How we can keep other secrets key/credentials out of the code and supply them via Github Secrets

Your question may already have an answer on the community forum. Please search for related topics, and then read through the guidelines before creating a new topic.

Here’s an outline with best practices for making your inquiry.

My question:
how we can keep other secrets key/credentials out of the code and supply them via GitHub Secrets. So basically, we are running the Postman collection on GithubActions and those collections do contain some confidential info that we would like to avoid passing it via Postman and instead pass it directly via GitHub Actions.

To Elaborate, we have a base URL

https://John-#010102@pubsubconnection.com/

where John-#010102 is confidential (PS: It’s just an example) and I would like to avoid passing it via the postman.

I have found a way to keep that information secret via Postman https://blog.postman.com/introducing-secret-variable-type-in-postman/ but wondering if we could have another way too.

As you’ve discovered, you just create environment variables for the elements you want to keep secret.

Ensure you set the type as “secret”. This will prevent any data being copied to the code repository or Postman Cloud. That is step 1.

Your CI tool (Jenkins, Azure Pipelines, etc) should then retrieve the secret from GitHub secrets (or Azure KeyVault) as part of the pipeline and then send those details to the Newman command line.

I use Azure Pipelines and Azure KeyVault. As they are both Microsoft tools, they integrate seamlessly. In Azure, you don’t really use passwords anymore. You setup service principals and its these service principals which runs the pipeline and has access to the KeyVault. You can also include a certificate.

I also like Azure KeyVault, as I can run an Azure PowerShell runbook that periodically changes any test account passwords, which keeps the infosec bods happy.

The other way of doing this is to have encrypted secrets in a file with the pass phrase being stored somewhere else. Your pre-request script would do the decryption and then store the results in the environment variables for that run. This does work, but its a lot of code and error handling.

I prefer using pipelines and a secret store\database of some sort, as it means the Postman collection is less complicated. (Less things to break, and easier to troubleshoot).

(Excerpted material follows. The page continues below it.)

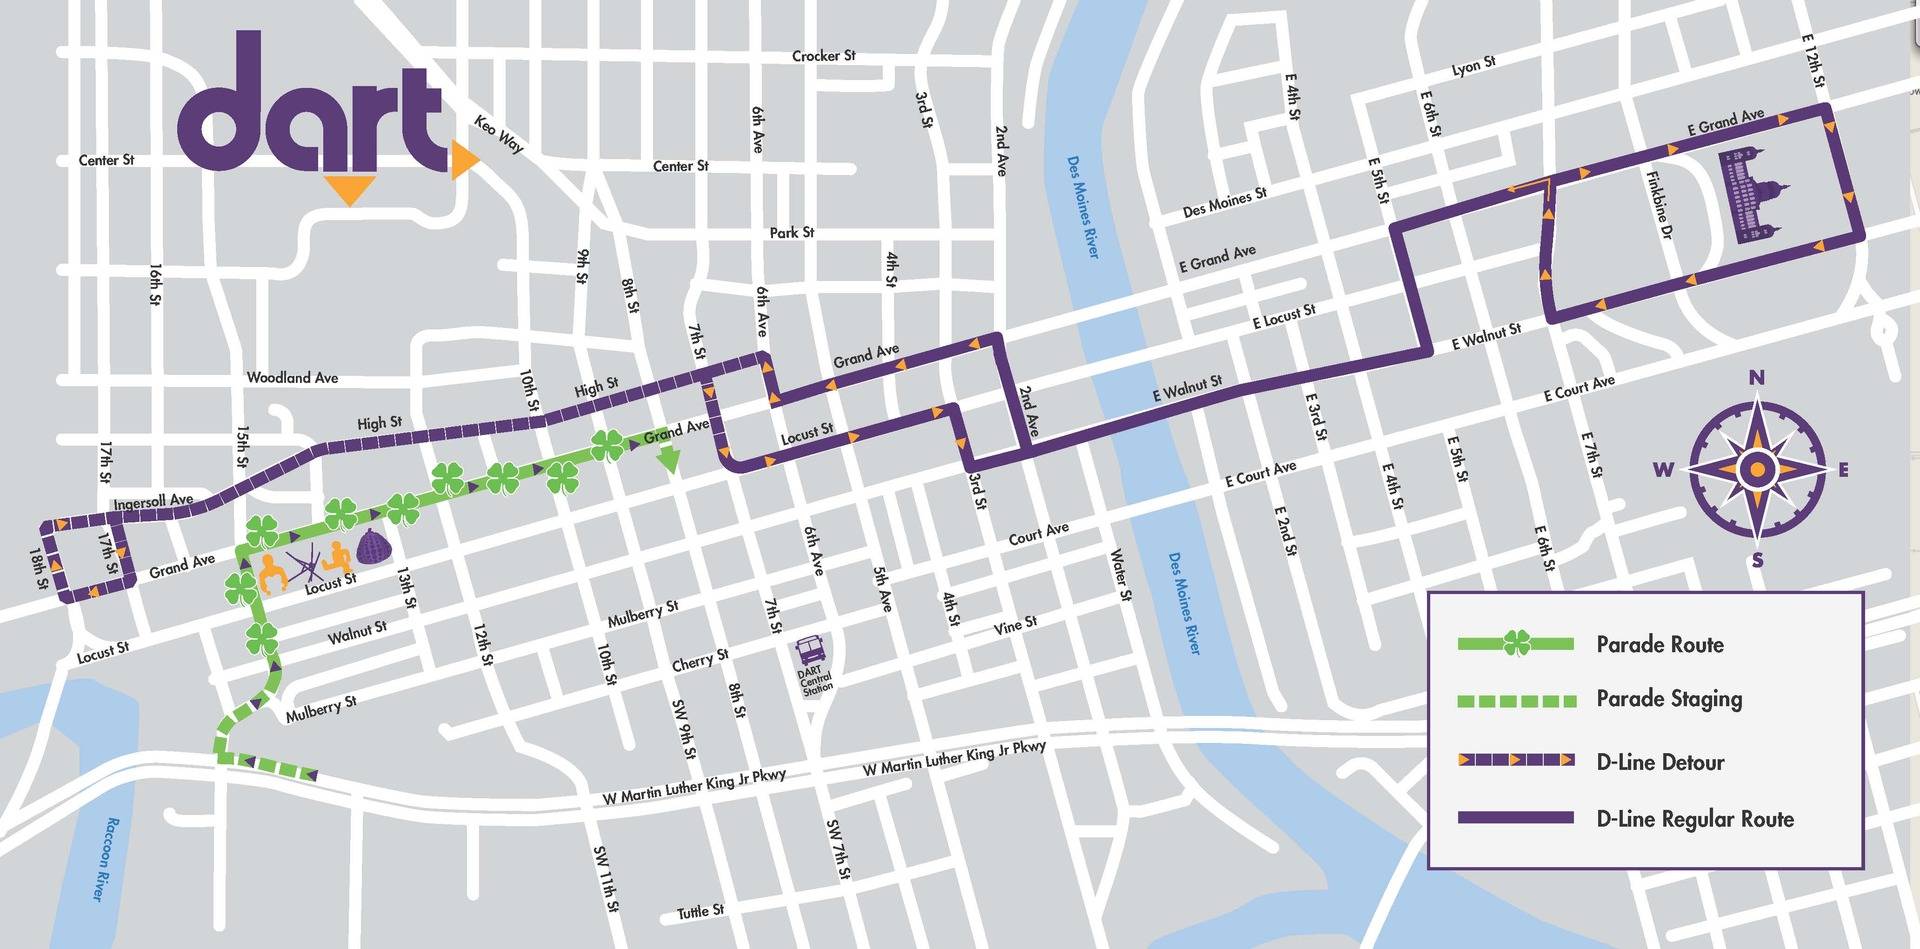 How to get to the St. Patrick's Day Parade in downtown Des Moines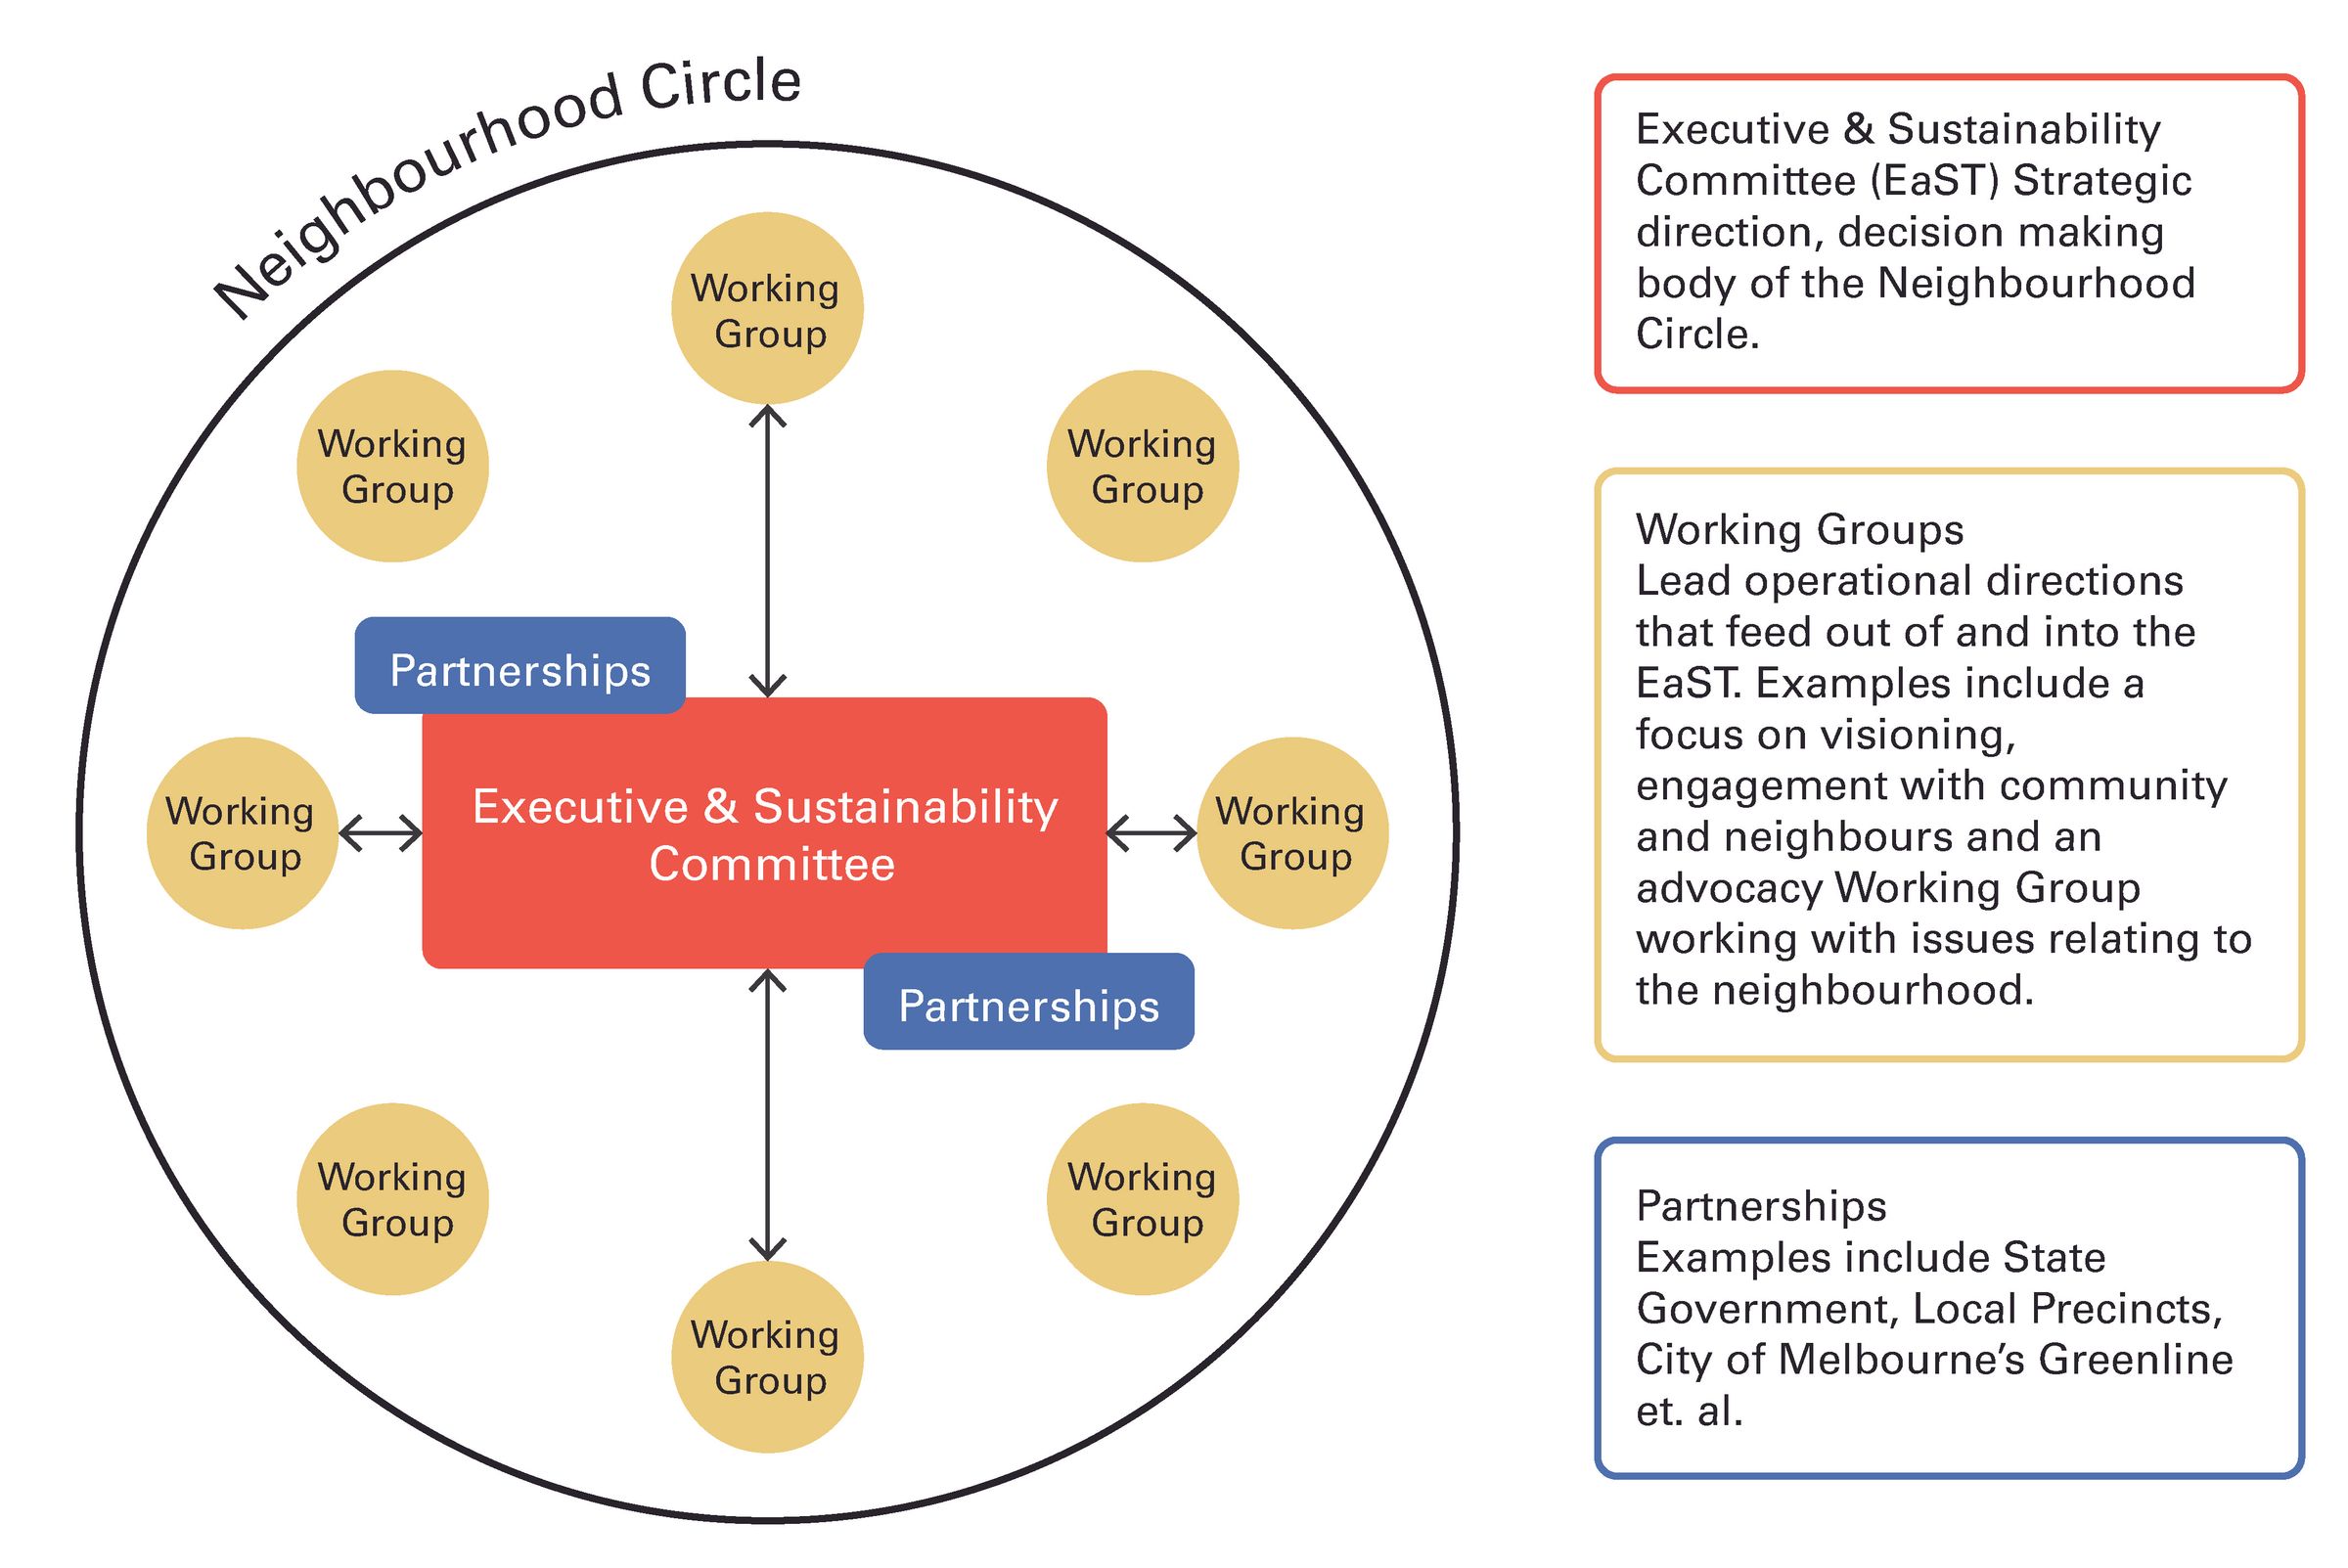 Diagram illustrating the Neighbourhood Circle Governance, with the Executive & Sustainability Committee at the centre with Partnerships linked to the committee and working groups as circles surrounding the Committee and Partnerships.

Thank you for your valuable input. I was wondering, is there a way to generate a secret environment API KEY so that we can add it in Github Actions under actions secret?

To elaborate,

I have secret variable name as test-secret-pass in postman

In GitHub Actions → Action Secret,

Do I need to create a new secret in GithubActions as test-secret-pass? If yes, what would be the value? Do I need to generate any API KEY via Postman for that or I could pass the actual value of test-secret-pass?

In nutshell, I do not have a good understanding of the integration that is required to use Postman Secret variables. I am not sure how secrets would be used by github actions.

And also is it required to export global variables and add them to the JSON collection or repository that I am running? If yes, what would be the folder structure?

The secrets in Githubactions are just the variables that contain confidential information that you want to send in the pipeline, that you don’t want stored in the Postman Cloud or your CI code repository.

You retrieve those secrets\variables as the first step in your CI pipeline and configure the Newman command line to accept those variables.